Q. BUT KYOTO UNIVERSITY’S SHINYA YAMANAKA HAS REPROGRAMMED ADULT SKIN CELLS SO THAT, LIKE EMBRYONIC STEM CELLS, THEY APPARENTLY CAN MAKE MANY OTHER TISSUES, NOT JUST THOSE THREE. HE JUST RECEIVED AN AWARD FROM THE MARCH OF DIMES, WHICH SAID IN AN ANNOUNCEMENT, “HIS METHOD ELIMINATES THE NEED TO OBTAIN STEM CELLS FROM HUMAN EMBRYOS.” IS THAT RIGHT?

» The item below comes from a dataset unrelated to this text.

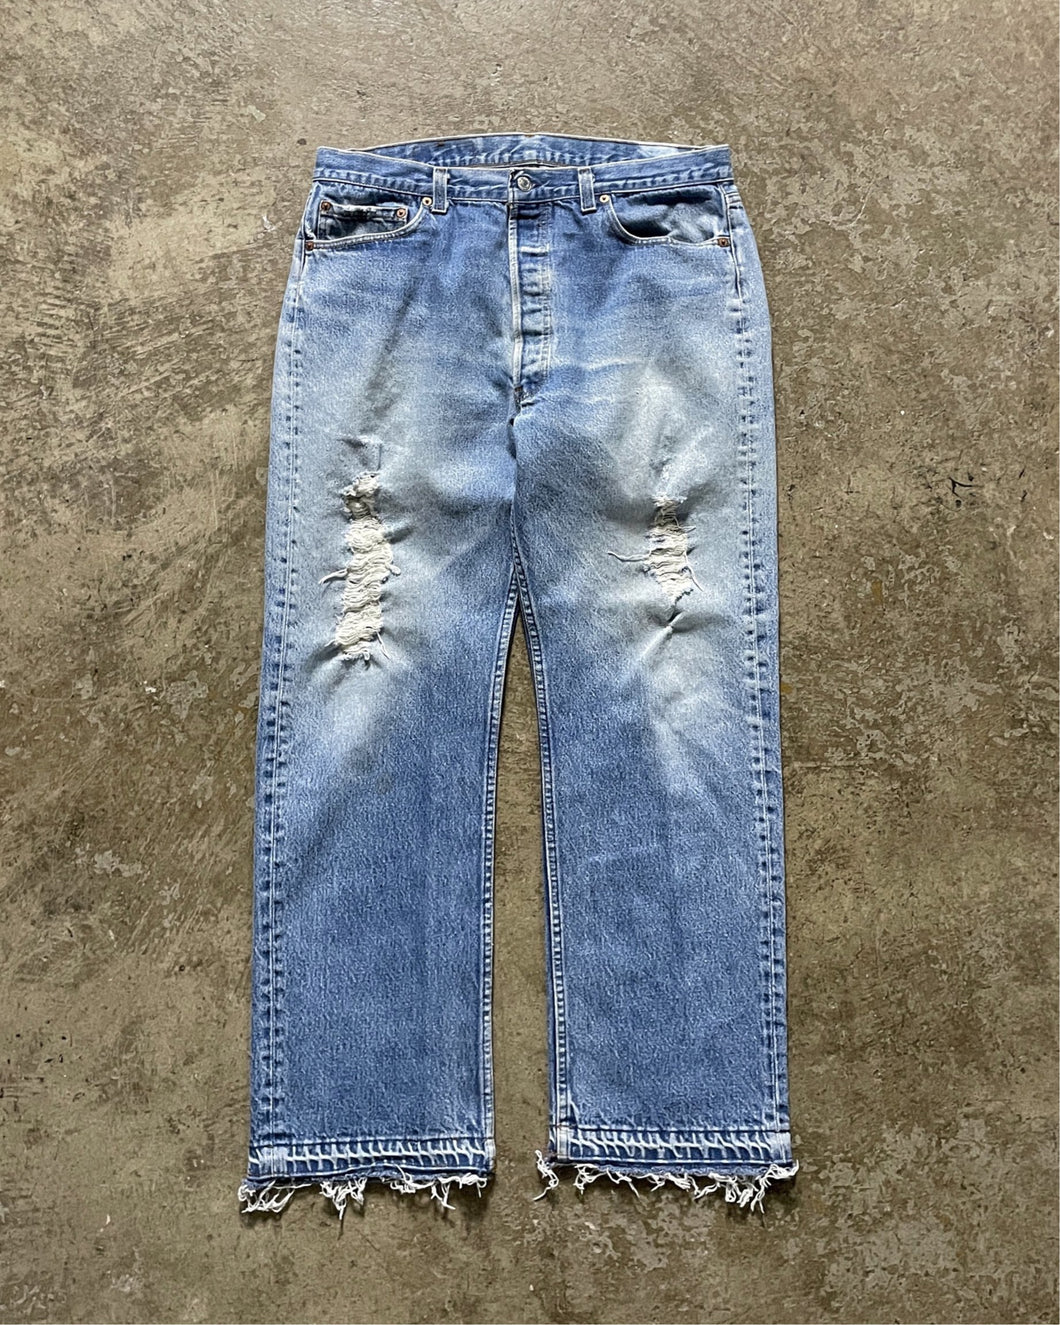 LEVI’S 501 DISTRESSED ANS FADED JEANS - 1980S
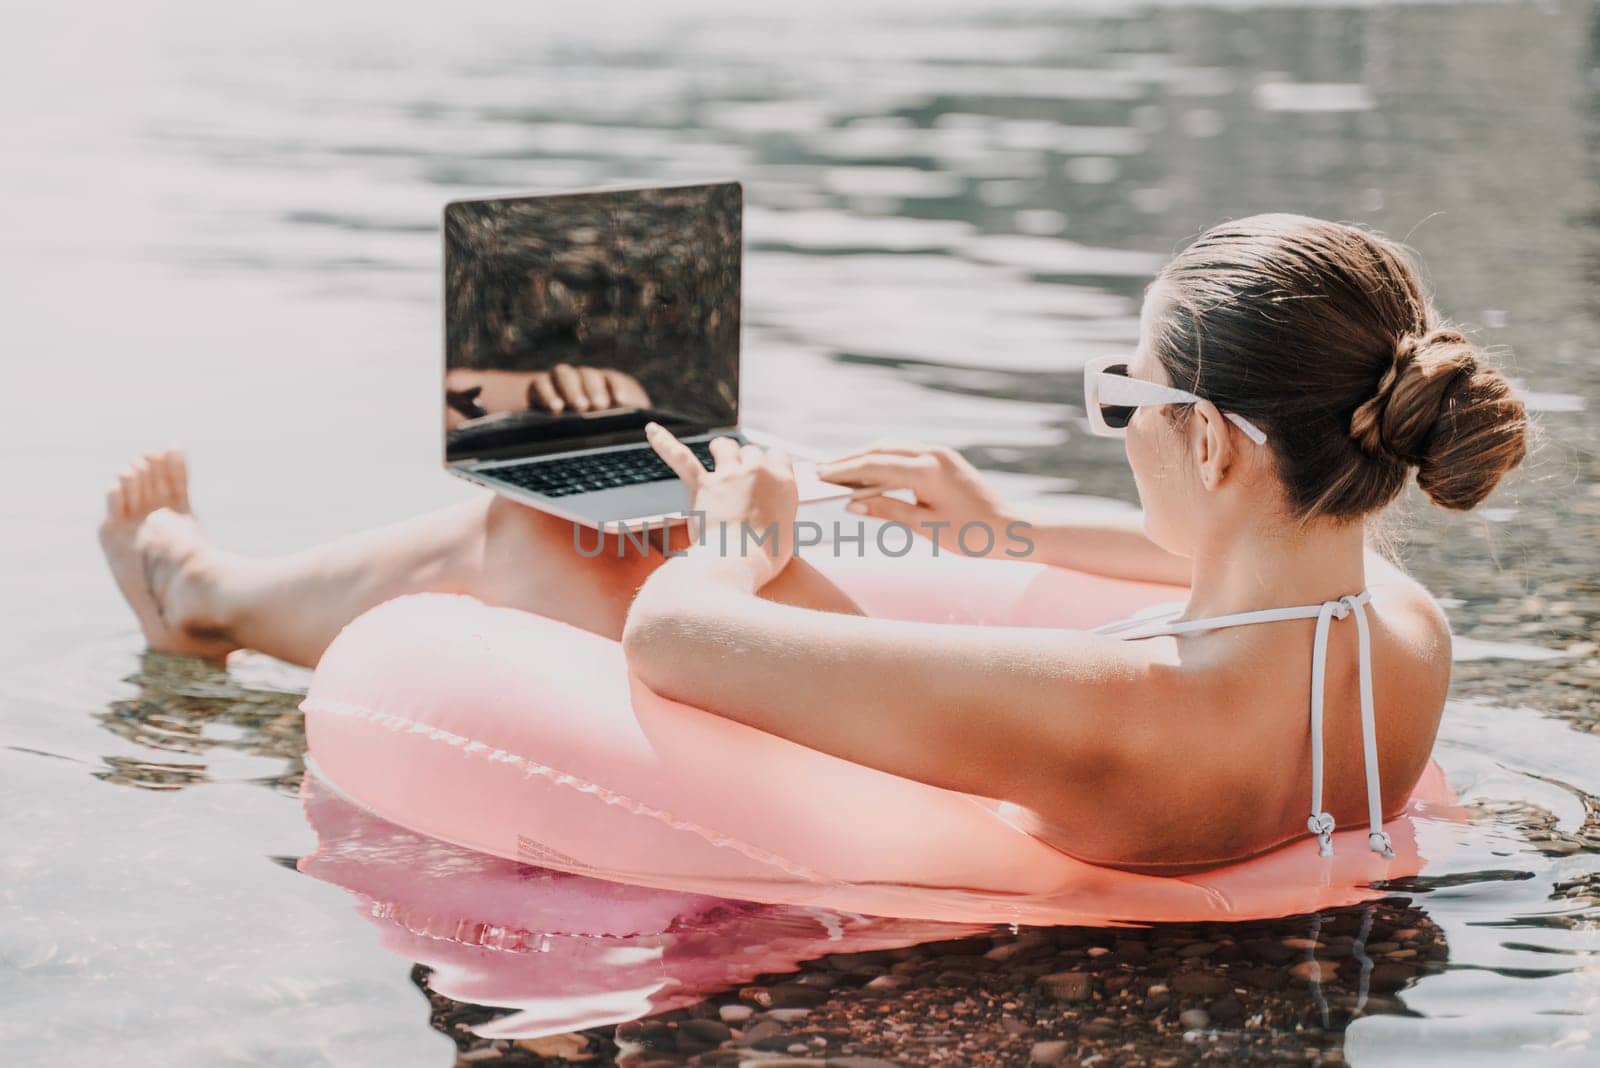 A woman is floating on a pink inflatable raft in the ocean while using a laptop. Concept of relaxation and leisure, as the woman enjoys her time in the water while working on her laptop

A. At the moment, Yanamaka’s discovery doesn’t replace human embryonic stem cells. What it does is give hope that we might eventually replace them. One reason we still need them is that Yamanaka’s own work is actually based on human embryonic stem cells! If he’s trying to coax a skin cell to become an embryonic one, he can’t do that without first knowing what an embryonic stem cell does. And we haven’t learned all of that yet.
Besides, people who work on reproduction will always need to work on the embryonic stem cells. So that’s never going to entirely go away. Once some of this is solved, I will favor focusing on adult stem cells. We’re not at that point yet.
Elaine Fuchs, 60, a cellular biologist at the Rockefeller University and a Howard Hughes Medical Investigator, studies the biochemistry of skin tissue. She is the new president of the International Society for Stem Cell research. Some of her work is aimed at transforming the treatment of burn and wound victims.